#### Materials provided
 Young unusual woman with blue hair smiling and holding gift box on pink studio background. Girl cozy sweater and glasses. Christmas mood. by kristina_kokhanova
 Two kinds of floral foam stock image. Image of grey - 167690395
########
#### Materials provided
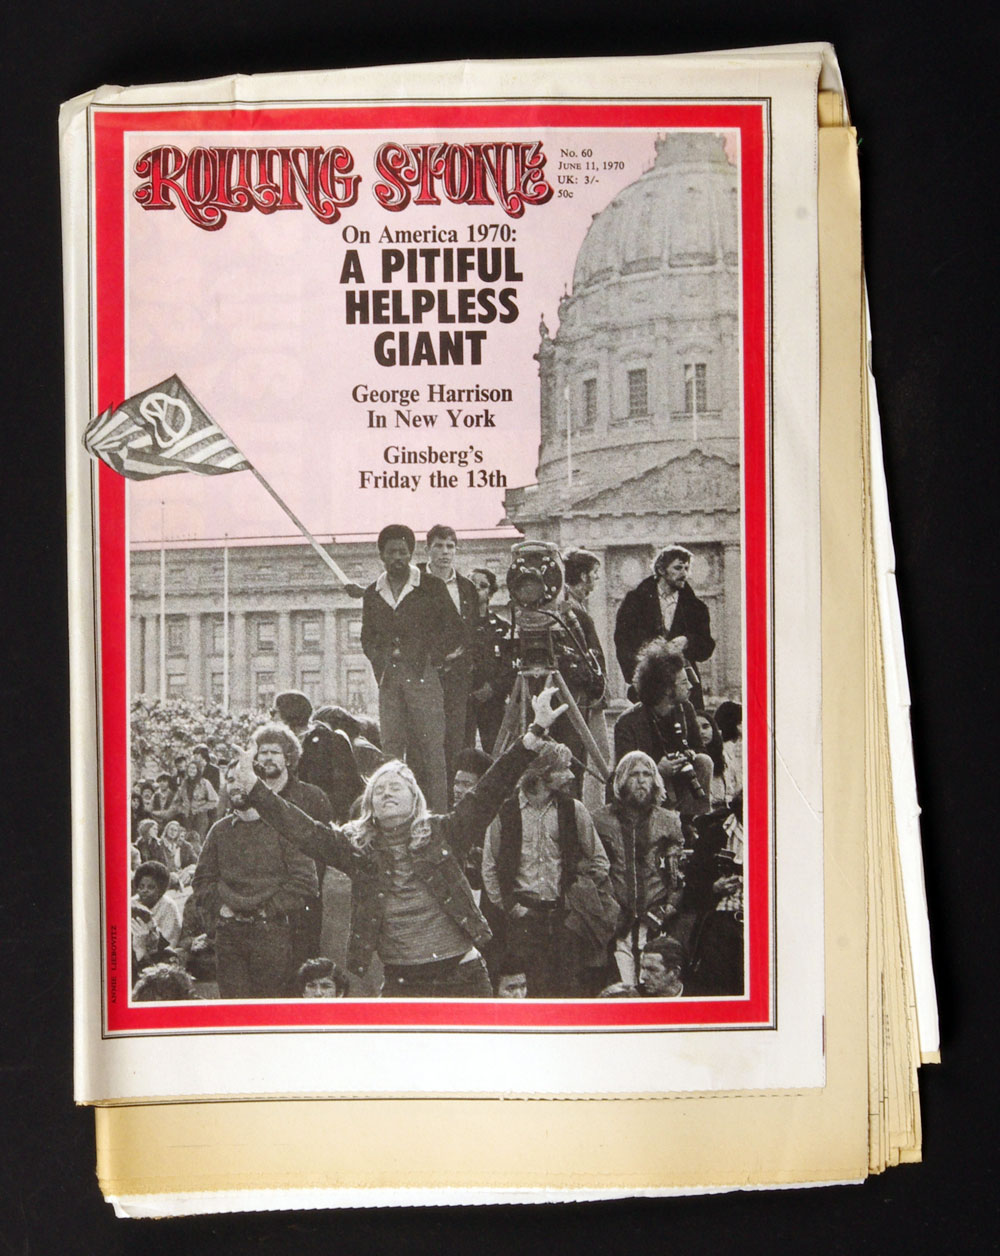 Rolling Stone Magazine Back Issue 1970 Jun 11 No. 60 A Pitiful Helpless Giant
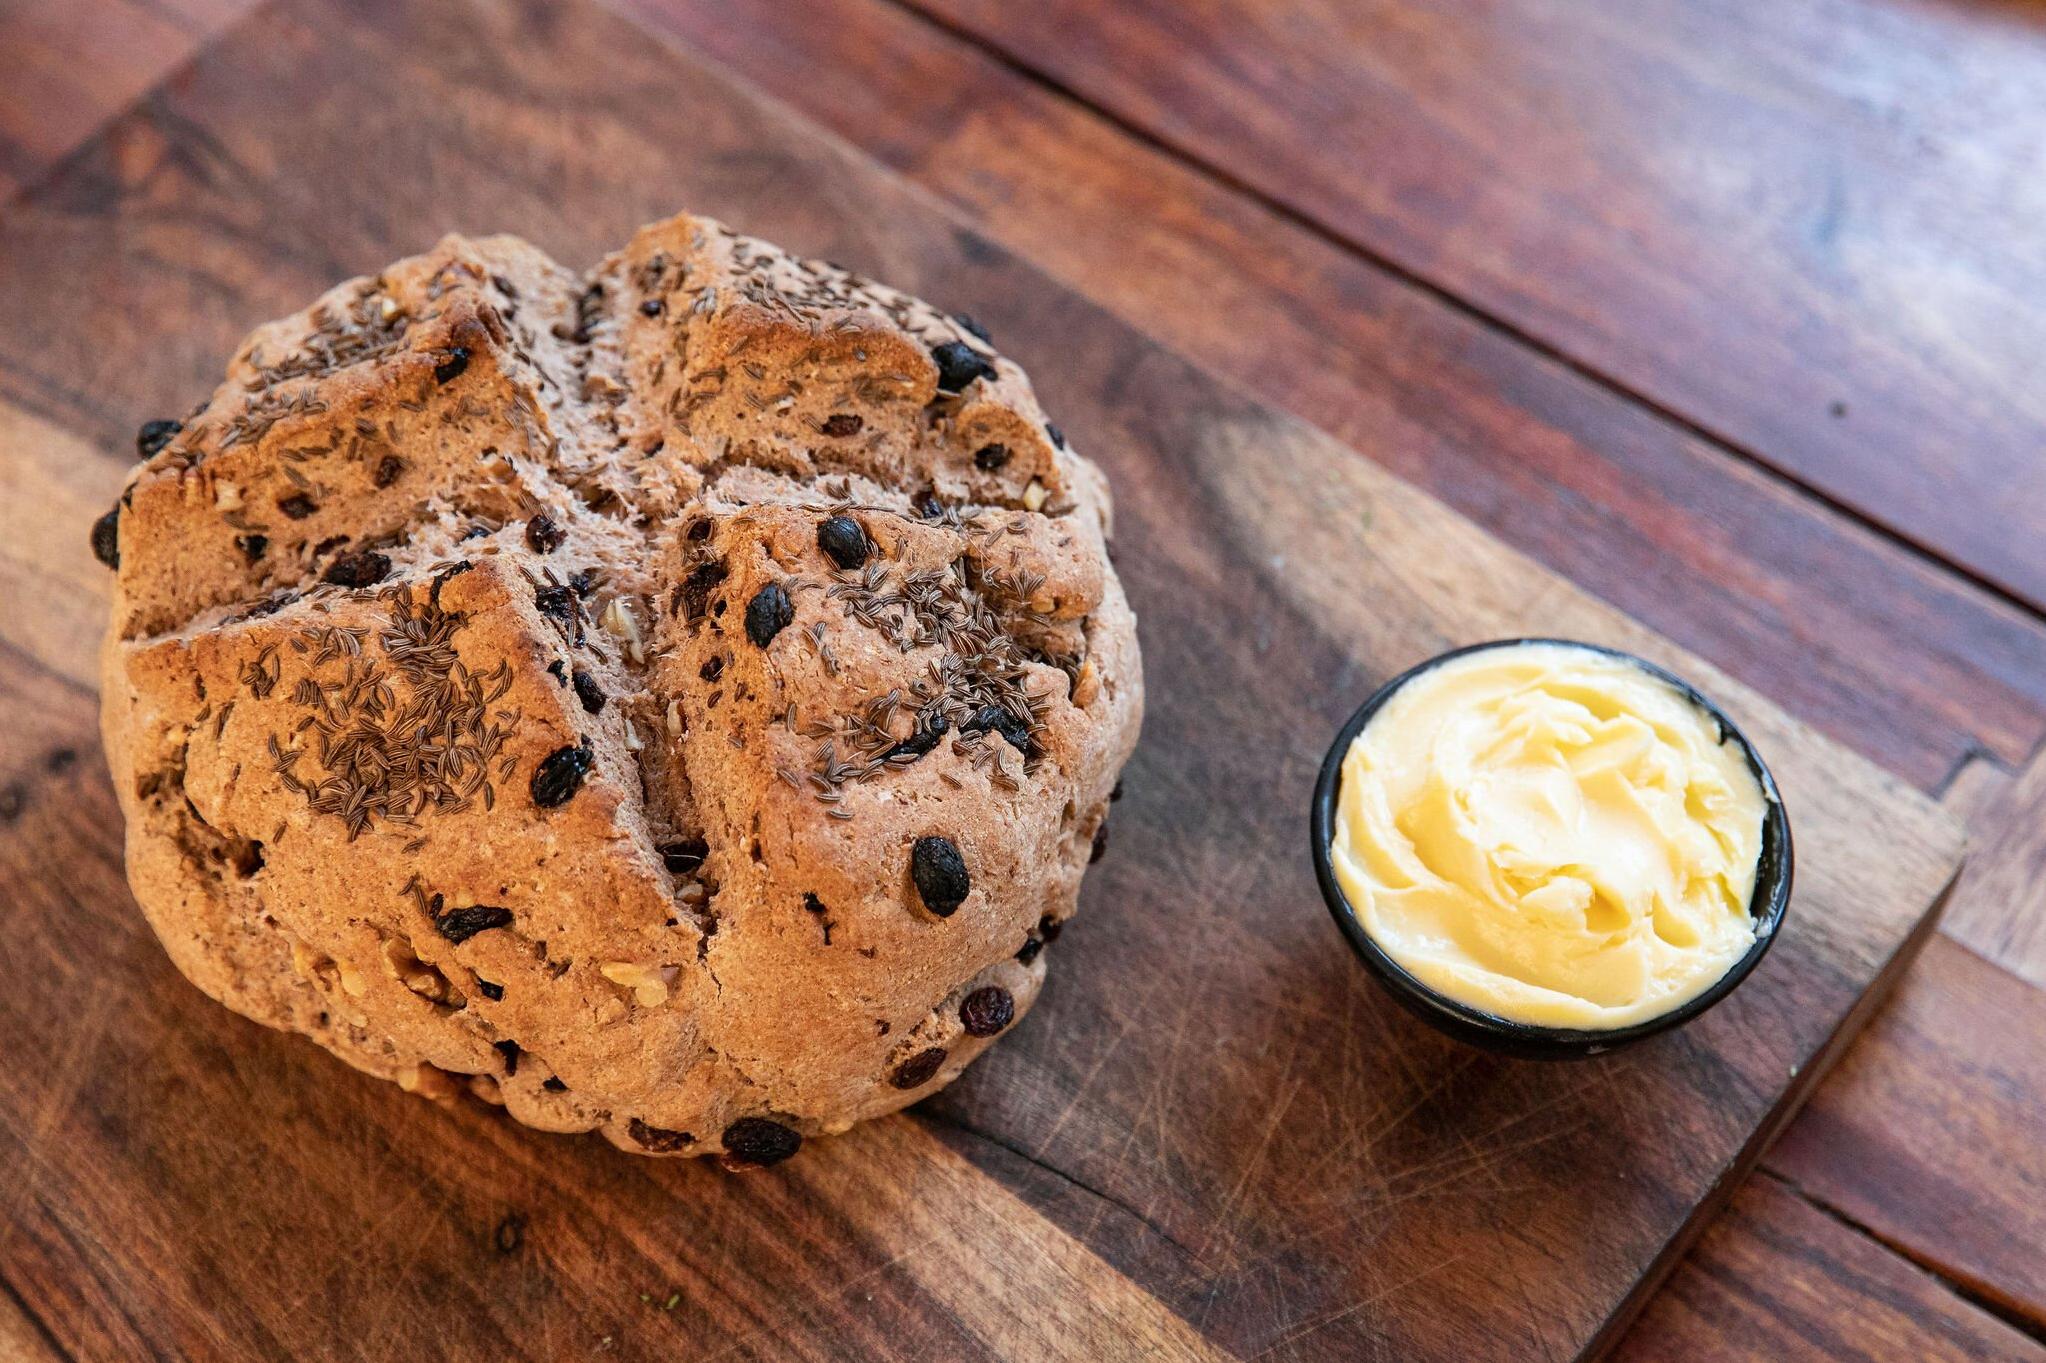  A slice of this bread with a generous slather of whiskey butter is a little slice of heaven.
########
#### Materials provided
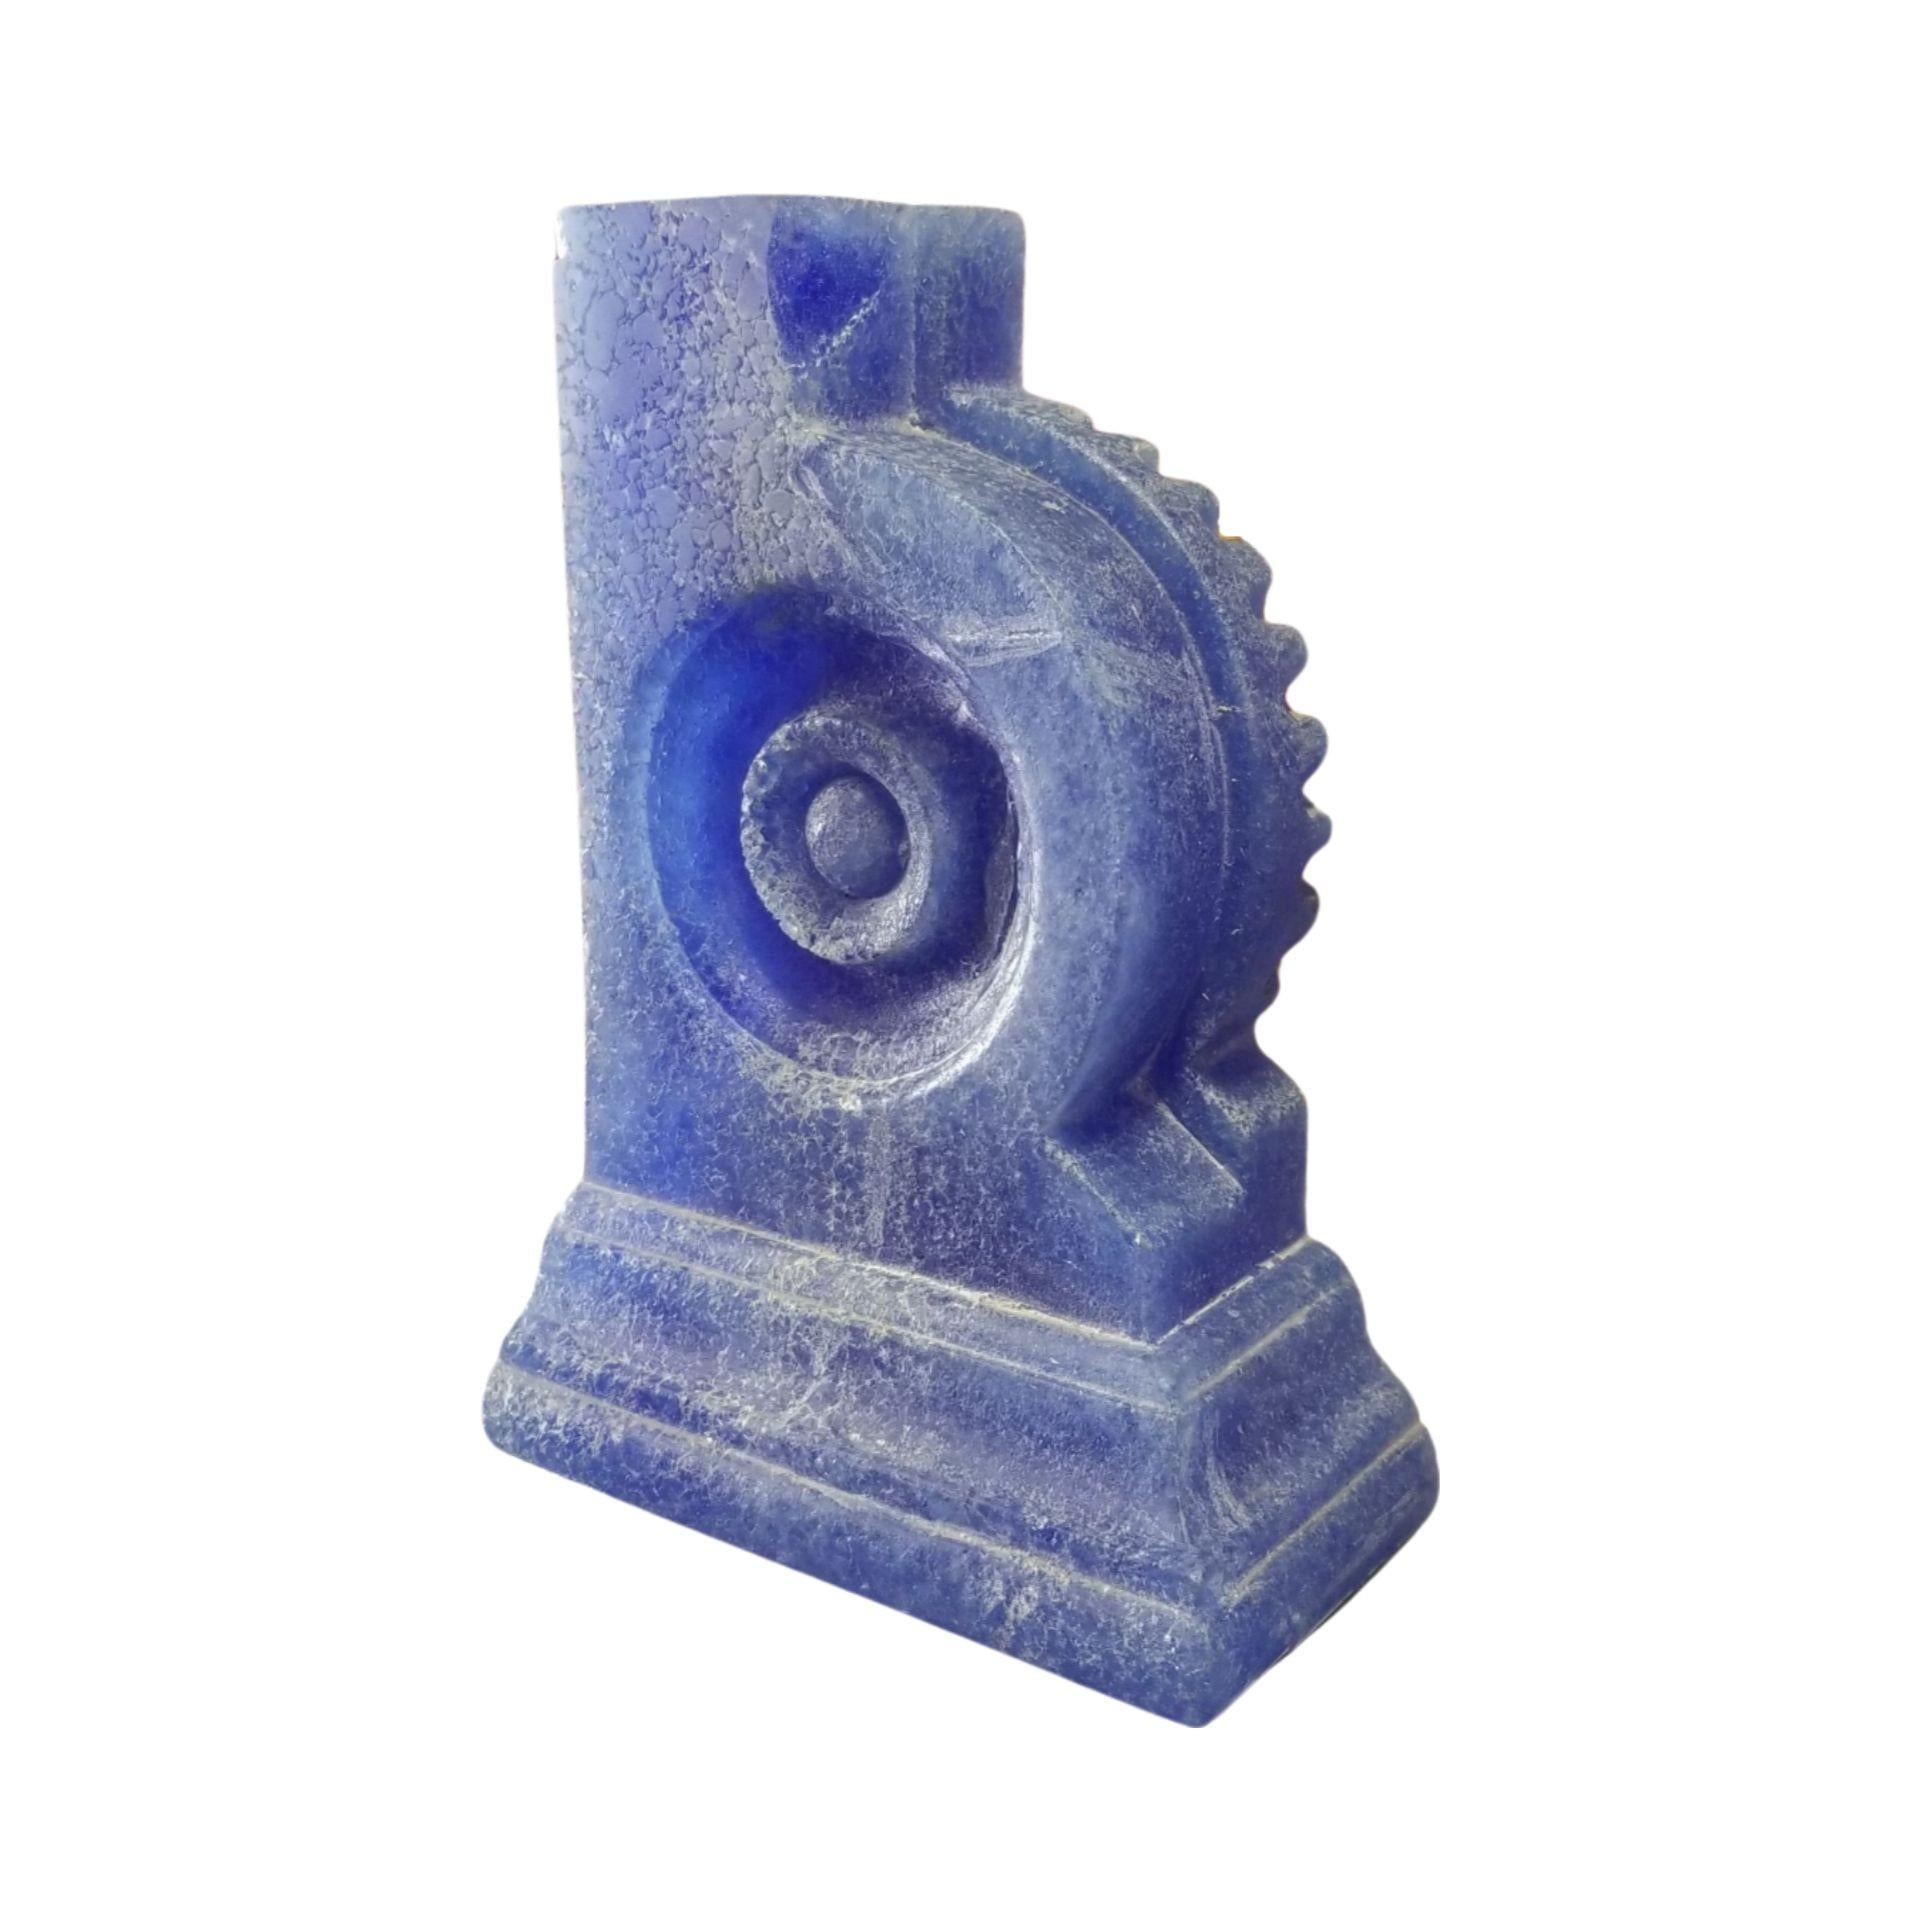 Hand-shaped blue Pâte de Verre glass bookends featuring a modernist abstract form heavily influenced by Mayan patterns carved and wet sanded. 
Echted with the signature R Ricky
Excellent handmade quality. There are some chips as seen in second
########
◆ What you have to do ◆
When you reach the line holding "Hand-shaped blue Pâte" in the listing above, begin retyping exactly, and stop once the line holding "Excellent handmade quality." is done; pictures stay out.

◆ Result ◆
 Hand-shaped blue Pâte de Verre glass bookends featuring a modernist abstract form heavily influenced by Mayan patterns carved and wet sanded. 
Echted with the signature R Ricky
Excellent handmade quality. There are some chips as seen in second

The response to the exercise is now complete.